Schreiben auf Papier fördert die Merkfähigkeit

Analoges Papier liefert sensorische Zusatzinfos, die der Erinnerung auf die Sprünge helfen

Schreiben
Analoges Schreiben erleichtert das Erinnern – das zeigt sich auch an der Hirnaktivität. © nortonsrx/ Getty images

Vom Papier ins Gedächtnis: Wer per Hand auf analoges Papier schreibt, kann sich das Notierte besser merken. Notizen auf digitalen Geräten sind dagegen weniger wirkungsvoll – egal ob handgeschrieben oder getippt, wie Hirnscans bestätigen. Beim Erinnern an Informationen auf analogem Papier werden demnach verstärkt Hirnregionen aktiviert, die an imaginärer Visualisierung beteiligt sind – das hilft dem Gedächtnis auf die Sprünge.

Den Einkaufszettel auf dem Smartphone, die Notizen bei einem Vortrag direkt im PDF – viele von uns schreiben immer weniger mit der Hand. Auch in der Schule hält nach und nach die Digitalisierung Einzug. Doch wie beeinflusst es unser Gehirn, wenn wir tippen statt zu kritzeln und scrollen statt zu blättern?

Termine digital oder analog notiert

Damit hat sich nun ein Forschungsteam um Keita Umejima von der University of Tokyo in Japan auseinandergesetzt.

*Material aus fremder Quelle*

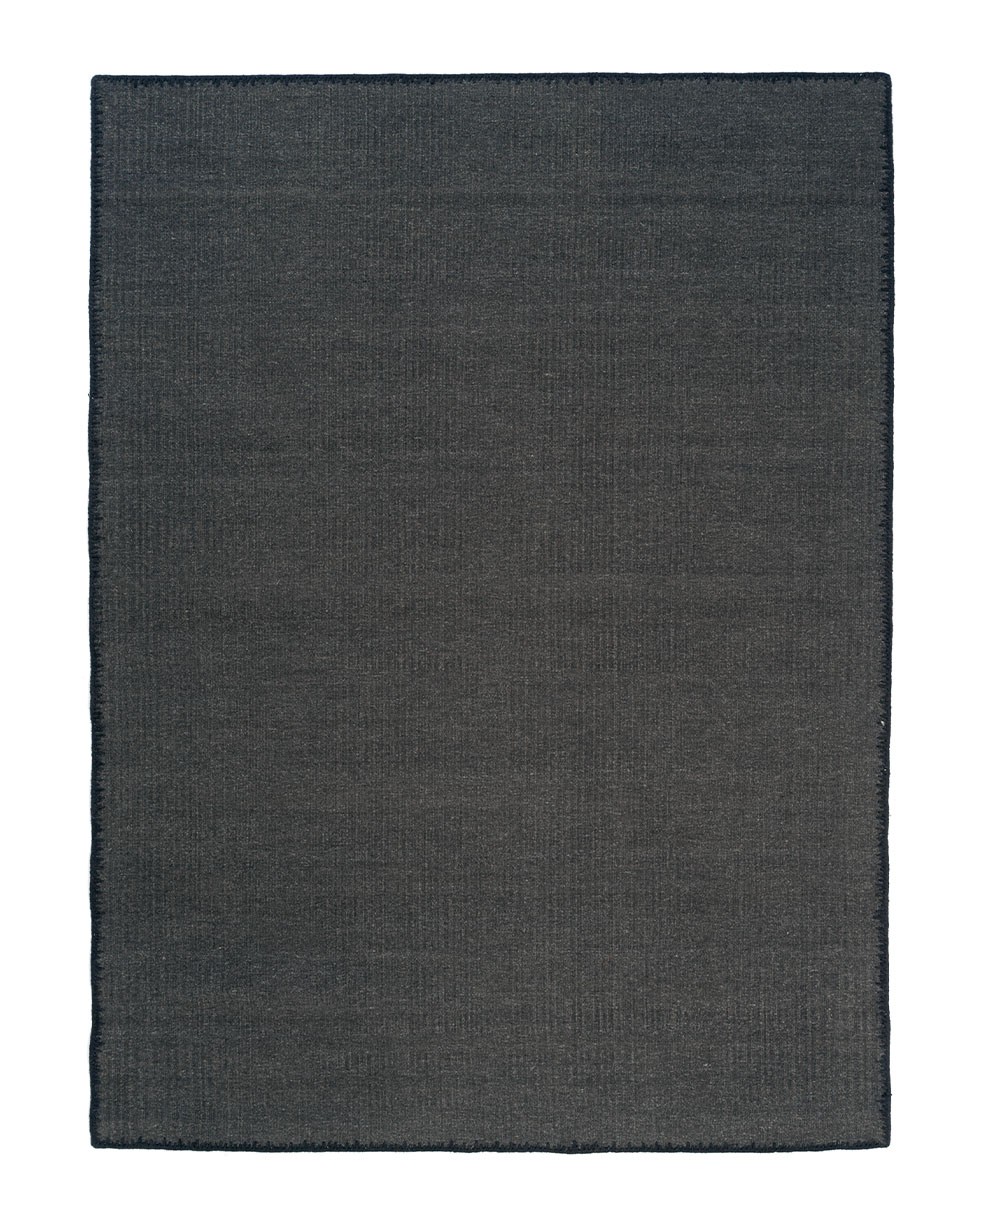 Hier abgebildet ein Produktbild von dem Teppich Tenere von der Élitis Kollektion 2024 - RAUM concept store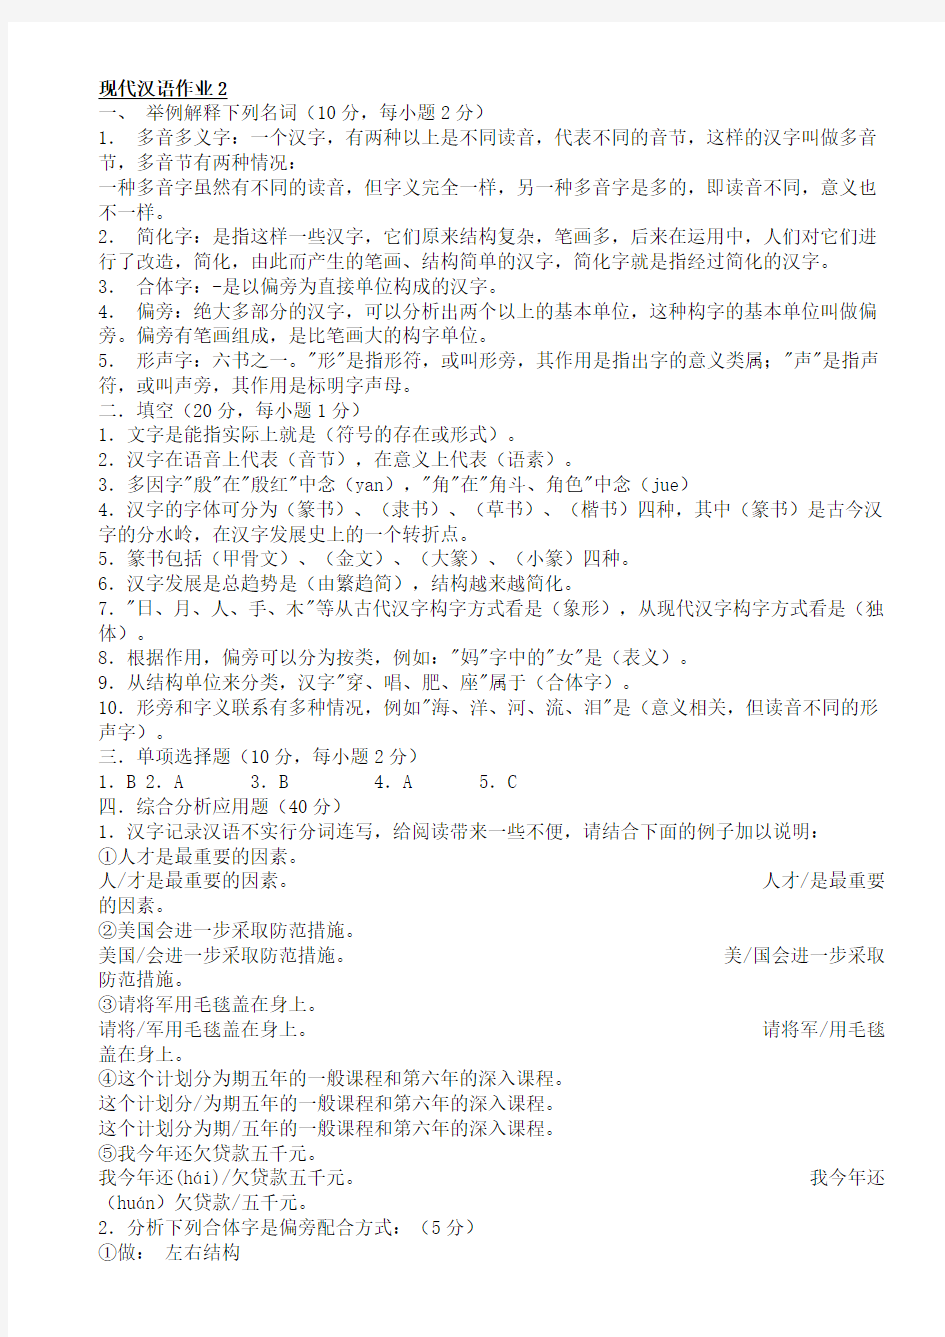 现代汉语作业2形成性考核册答案

Um herauszufinden, inwieweit das Erinnerungsvermögen davon abhängt, wie wir uns Informationen notiert haben, führten die Forscher einen Test mit 48 jungen Erwachsenen durch. Alle lasen zunächst eine fiktive Konversation zwischen Charakteren, die ihre Pläne für die kommenden zwei Monate besprachen und dabei Unterrichtszeiten, persönliche Termine und Abgabefristen für Aufgaben nannten.

Eine Gruppe der Probanden sollte die Termine in einen analogen Kalender eintragen, zwei weitere Gruppen in eine digitale Kalender-App. Dabei sollte die eine der beiden „Digital-Gruppen“ auf der Touchscreen-Tastatur eines Smartphones tippen, die andere mit einem Eingabestift per Hand auf ein dafür geeignetes Tablet schreiben. Die Testpersonen wurden so aufgeteilt, dass sich die Gruppen in Hinblick auf Geschlecht, Alter, Gedächtnisfähigkeit und persönlicher Vorliebe für digitale oder analoge Methoden ähnelten.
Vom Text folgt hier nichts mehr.